**Task directions:** From the records below, print only the part that opens with the line containing "Plum skirt XL" and closes with the line containing "Bryllupsmesse_Lagunen_mittaltweddingfair__027.jpg"; omit the pictures.

**Provided entries:**
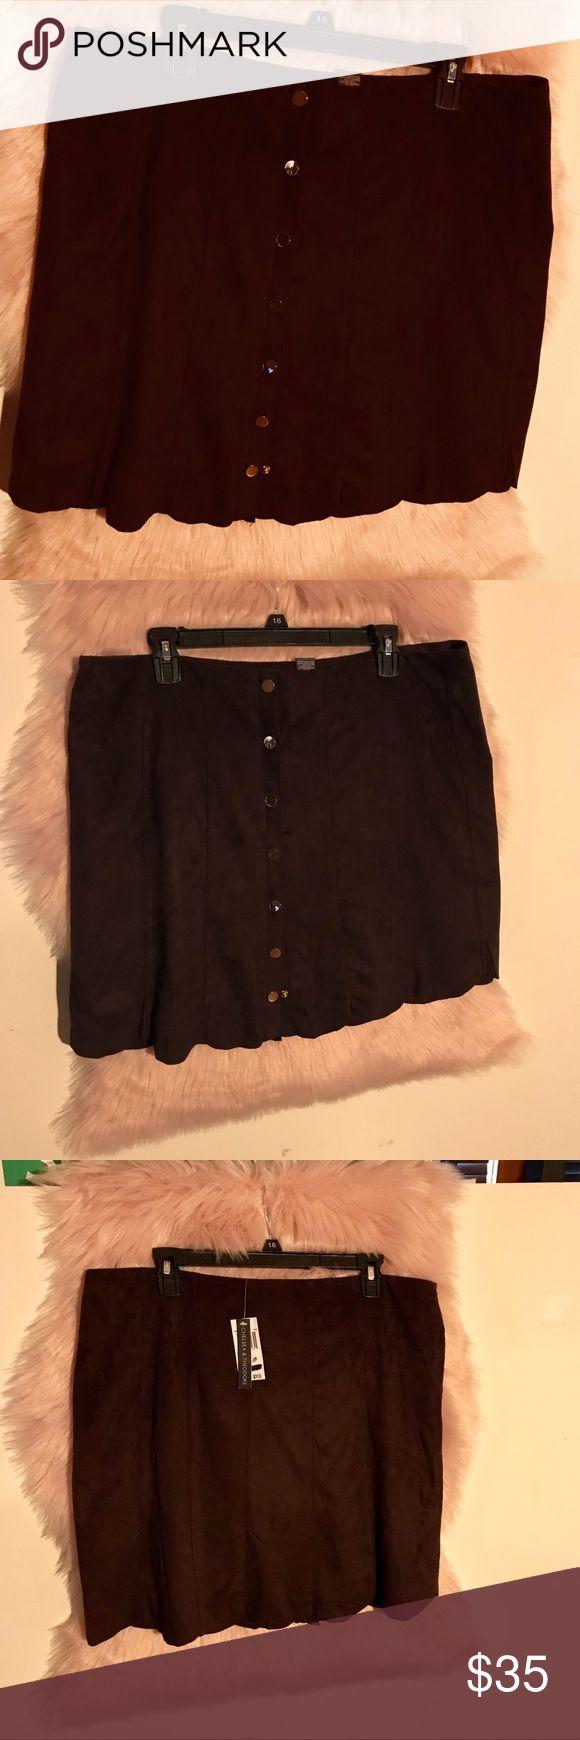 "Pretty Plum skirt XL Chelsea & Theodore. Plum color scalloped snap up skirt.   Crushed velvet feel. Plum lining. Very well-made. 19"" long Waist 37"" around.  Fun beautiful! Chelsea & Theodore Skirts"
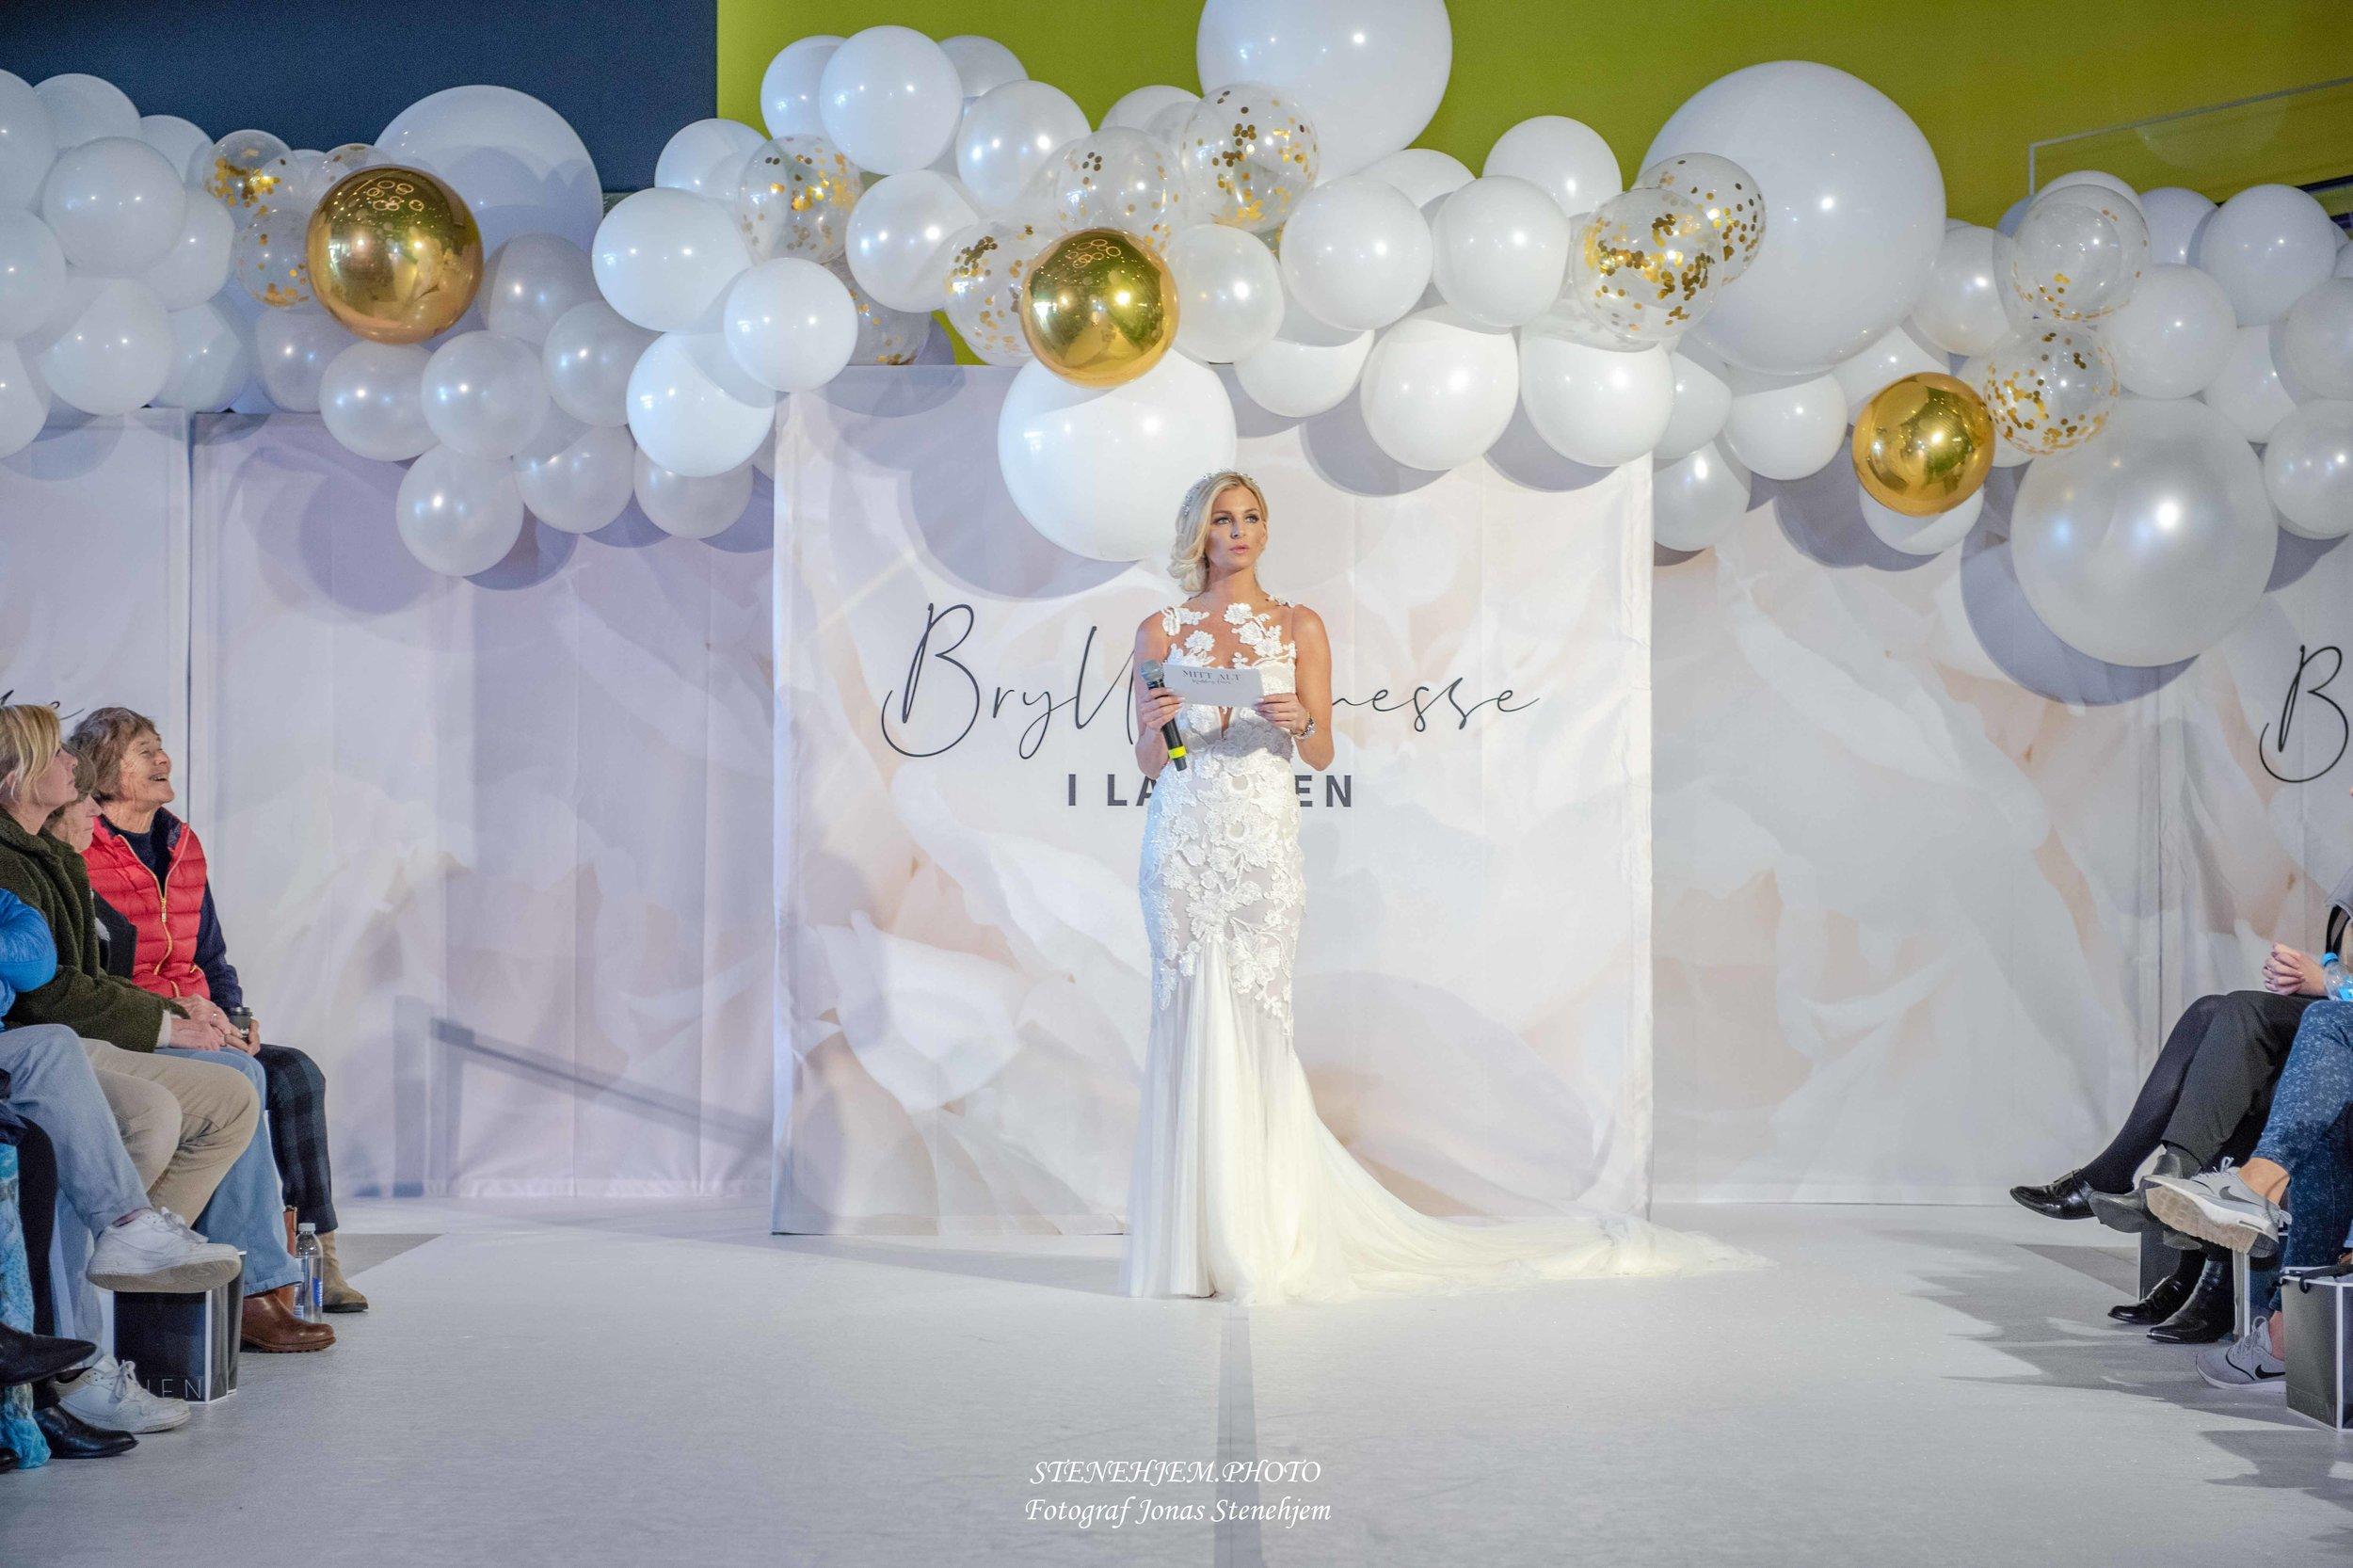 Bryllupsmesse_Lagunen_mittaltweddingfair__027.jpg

--

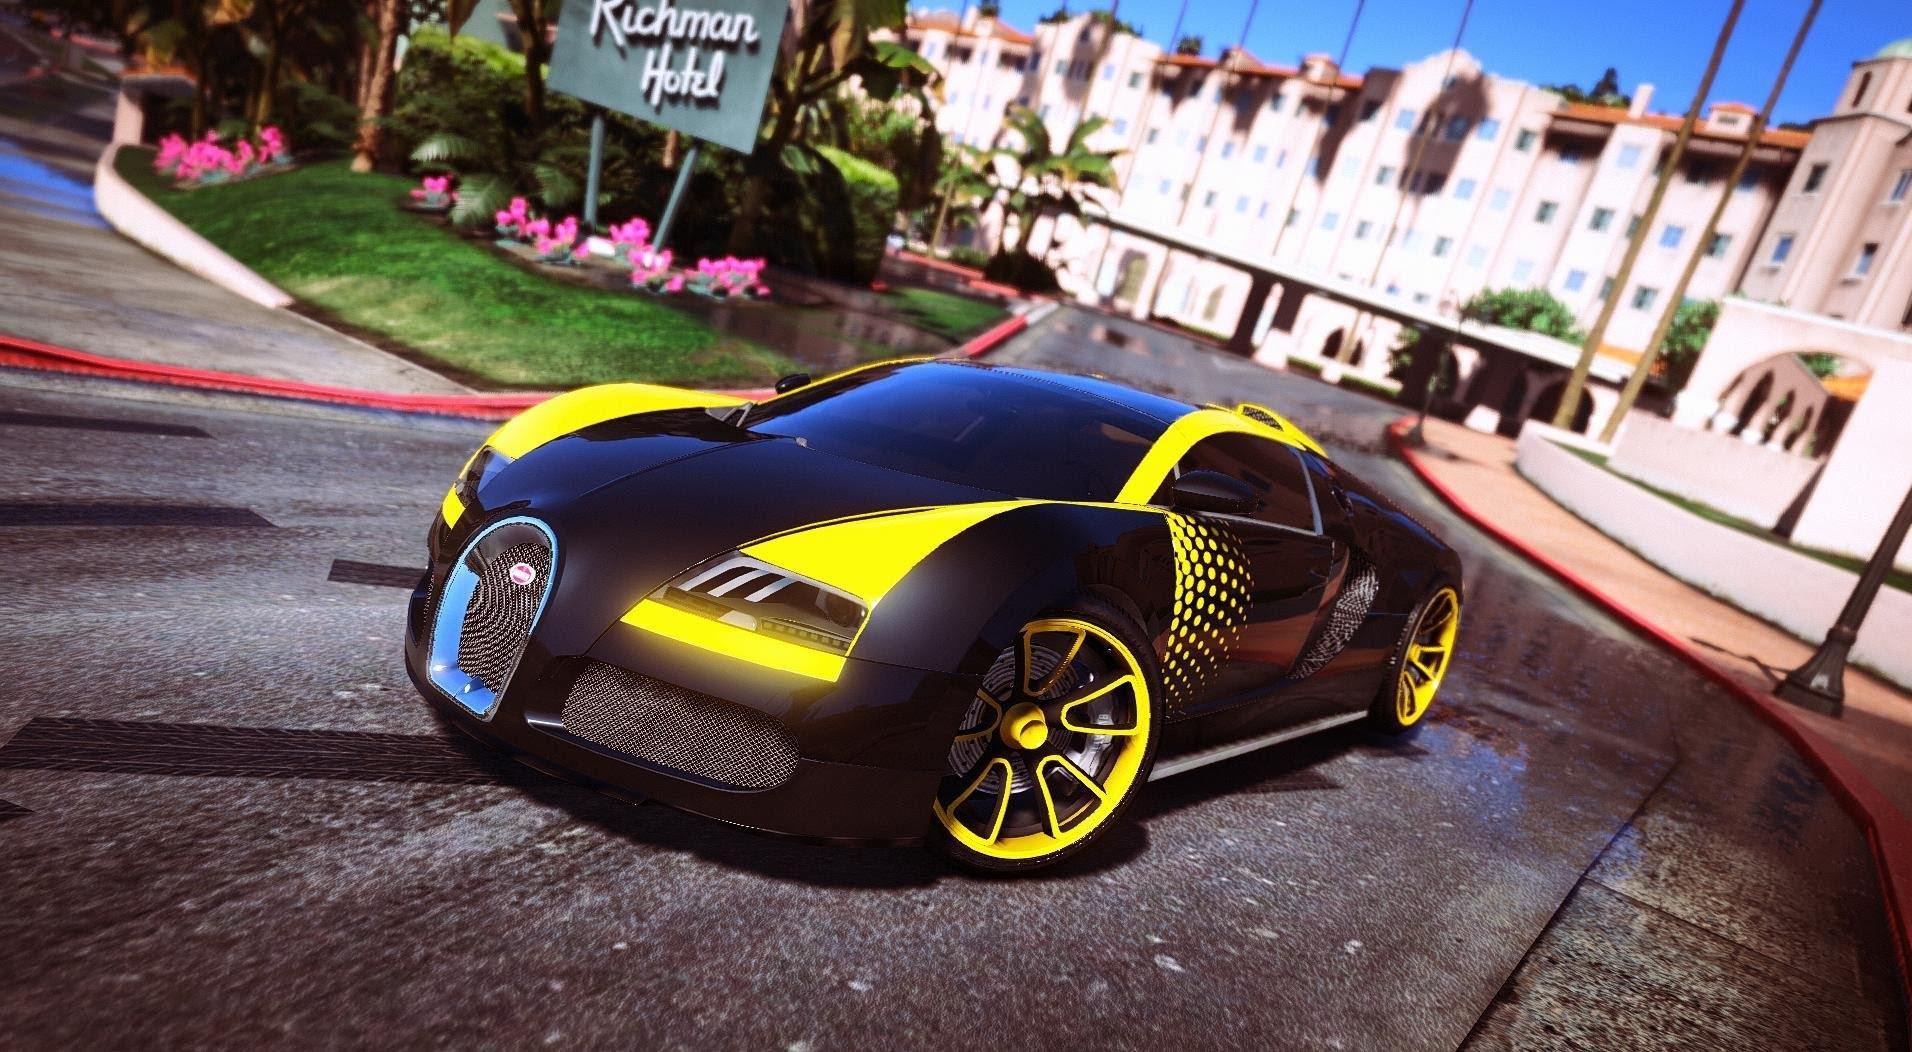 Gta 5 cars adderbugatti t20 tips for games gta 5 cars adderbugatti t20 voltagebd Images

...

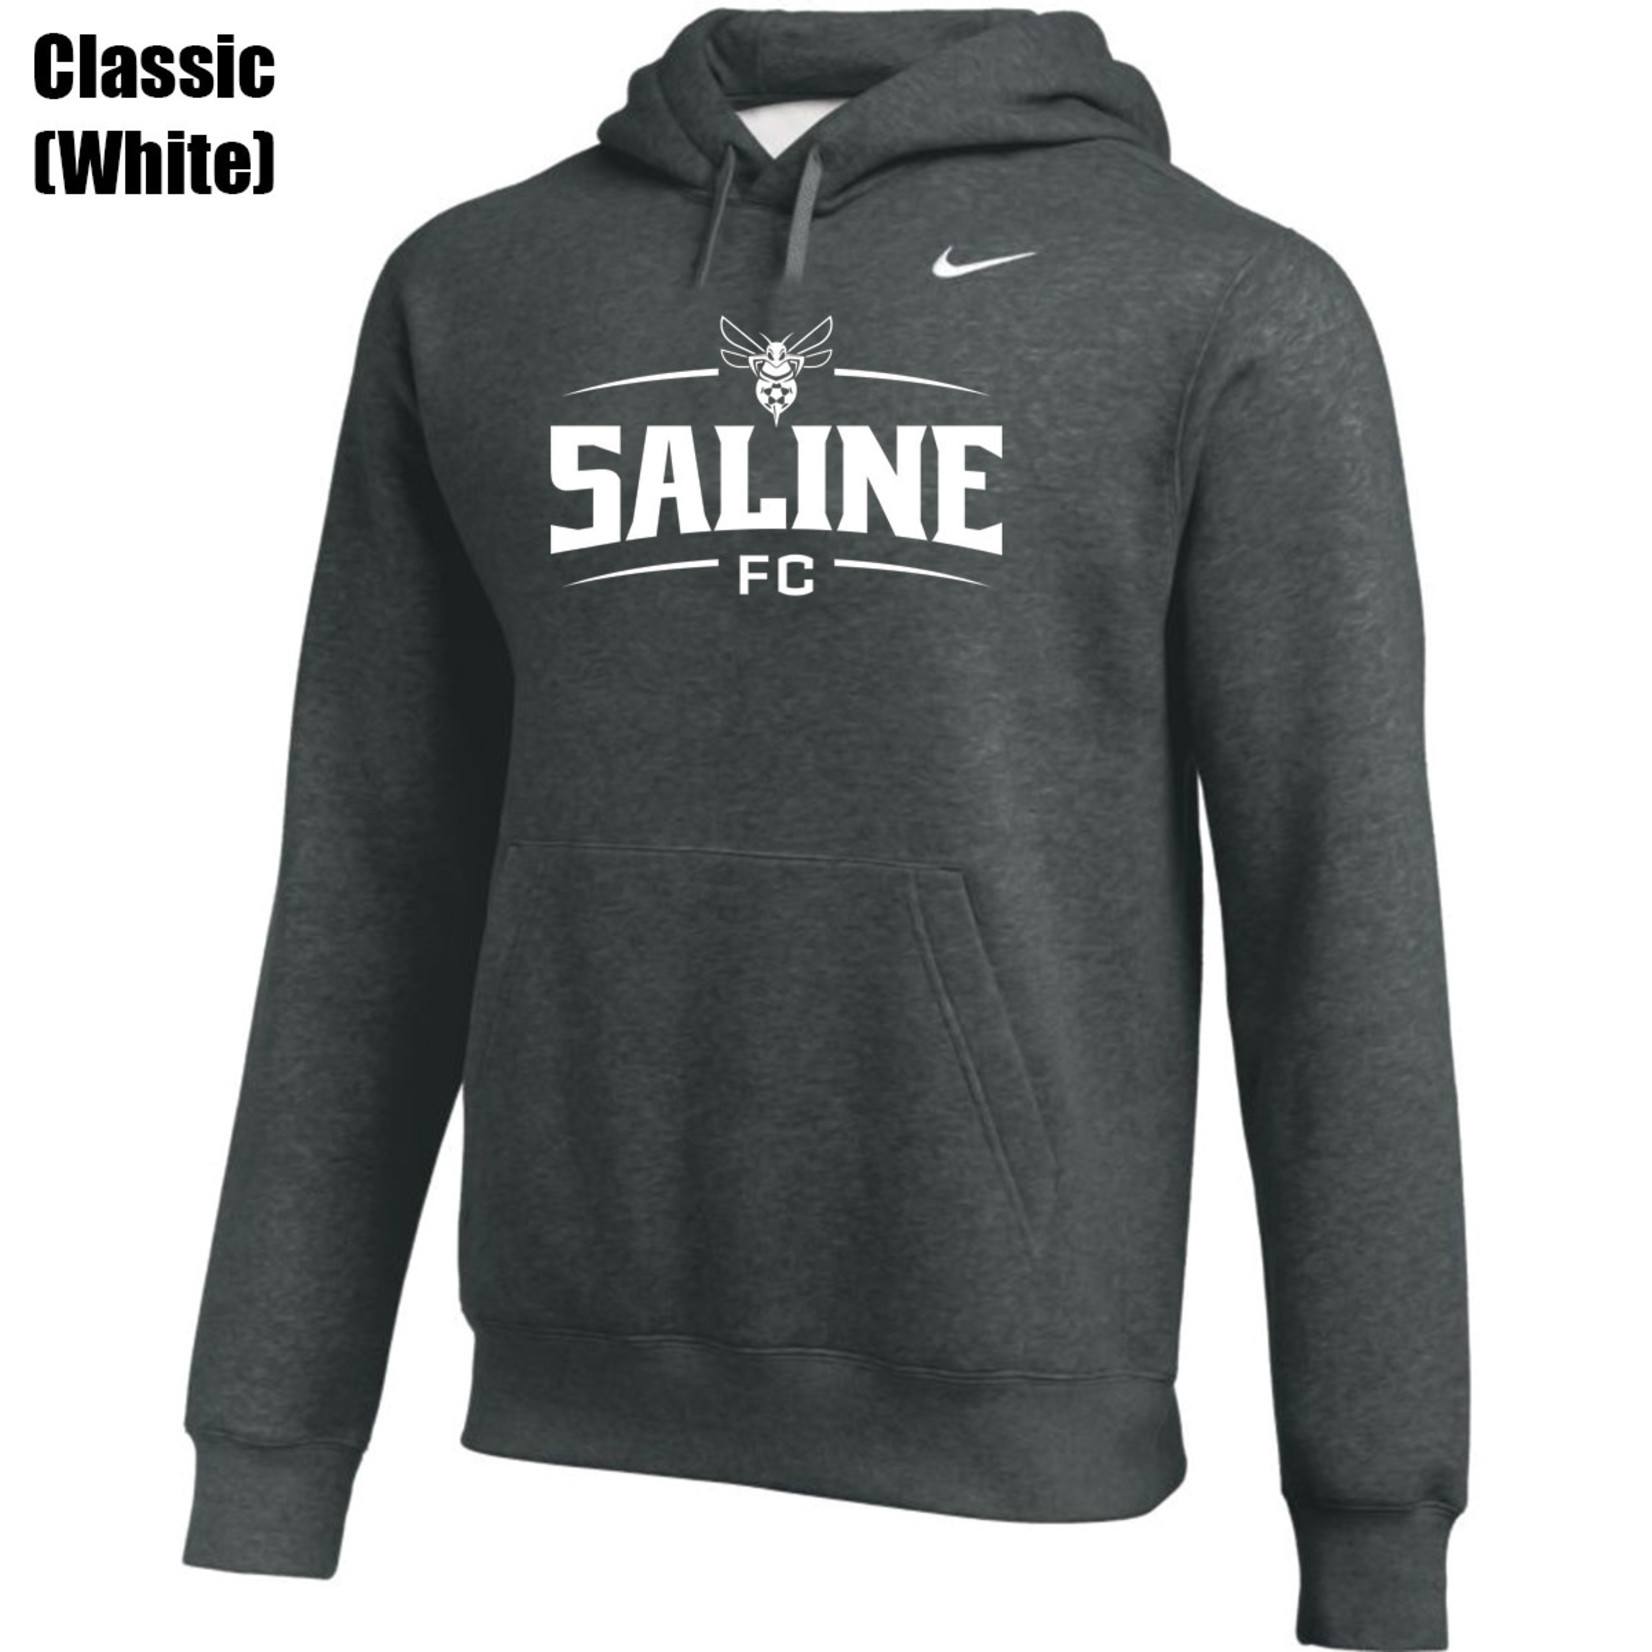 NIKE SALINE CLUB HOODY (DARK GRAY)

**Result for this task:**
 "Pretty Plum skirt XL Chelsea & Theodore. Plum color scalloped snap up skirt.   Crushed velvet feel. Plum lining. Very well-made. 19"" long Waist 37"" around.  Fun beautiful! Chelsea & Theodore Skirts"
 Bryllupsmesse_Lagunen_mittaltweddingfair__027.jpg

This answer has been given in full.